__WORK INSTRUCTIONS__
Transcribe, word for word and without additions, each line below from the one containing "FRANCE製プレスガラスシ" through the one containing "Thief steals cars, insurance.", both ends included.

__PROVIDED RECORDS__

=====

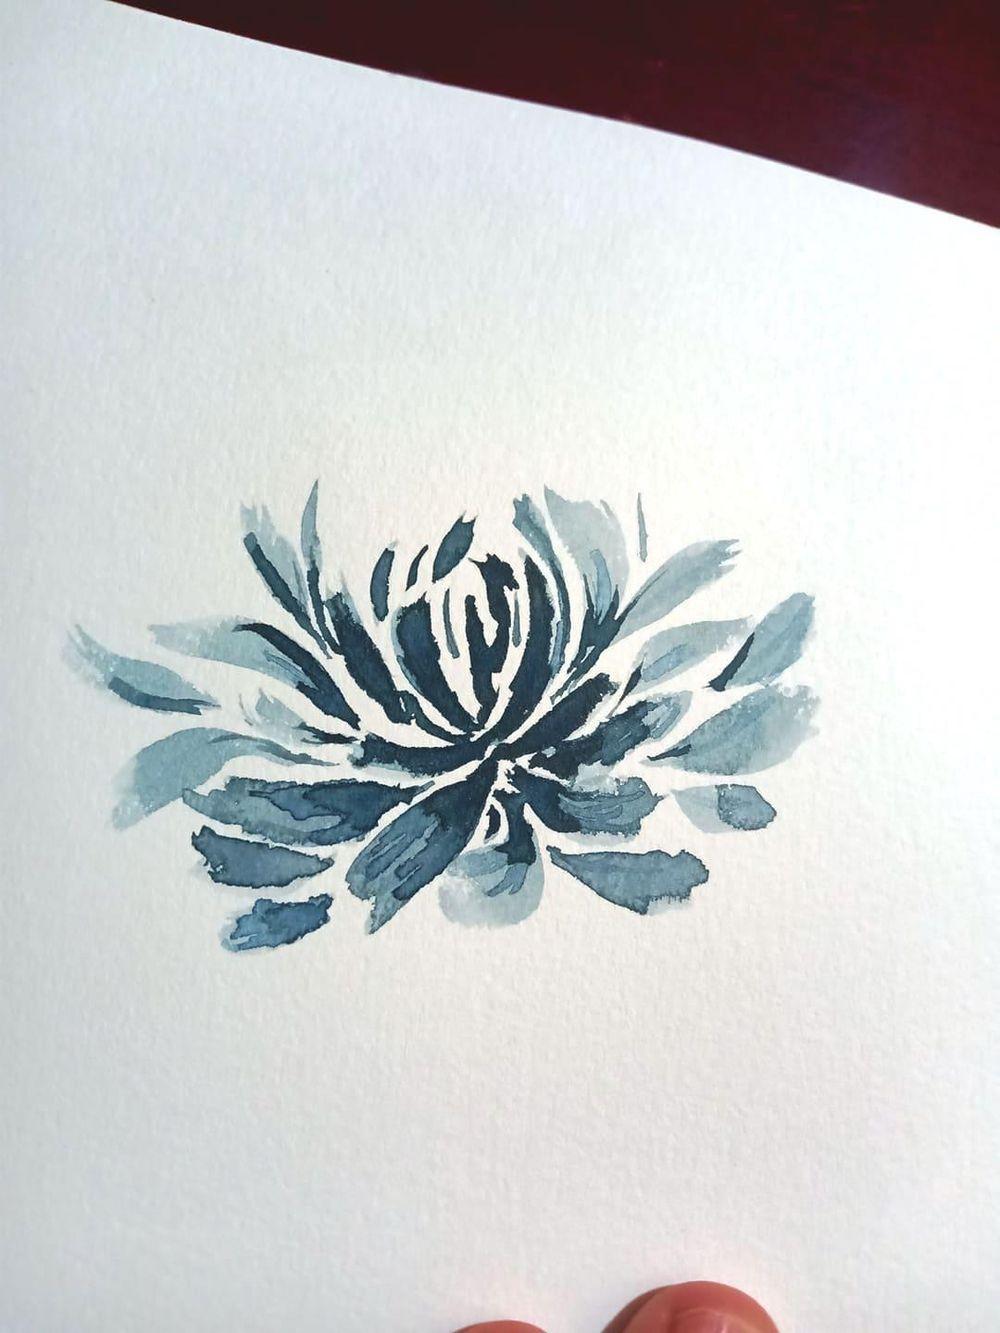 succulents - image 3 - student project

=====

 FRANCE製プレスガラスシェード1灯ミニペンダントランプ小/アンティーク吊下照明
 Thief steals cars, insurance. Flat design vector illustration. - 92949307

=====

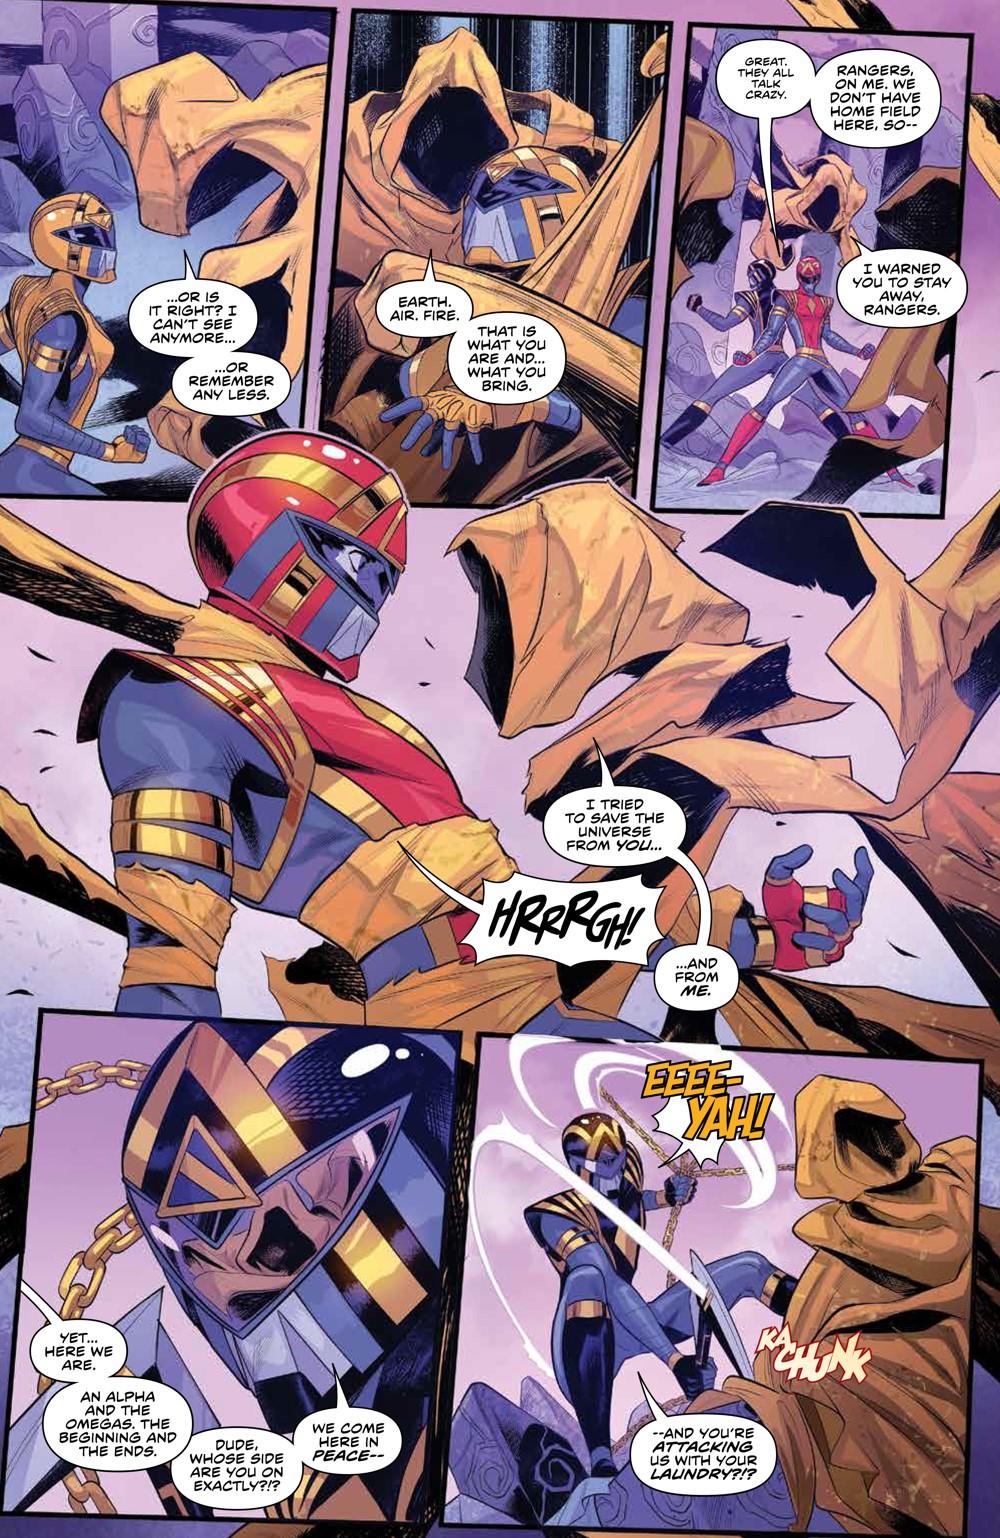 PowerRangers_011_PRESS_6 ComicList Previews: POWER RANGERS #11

=====

__OUTPUT OF THE EXERCISE__
 FRANCE製プレスガラスシェード1灯ミニペンダントランプ小/アンティーク吊下照明
 Thief steals cars, insurance. Flat design vector illustration. - 92949307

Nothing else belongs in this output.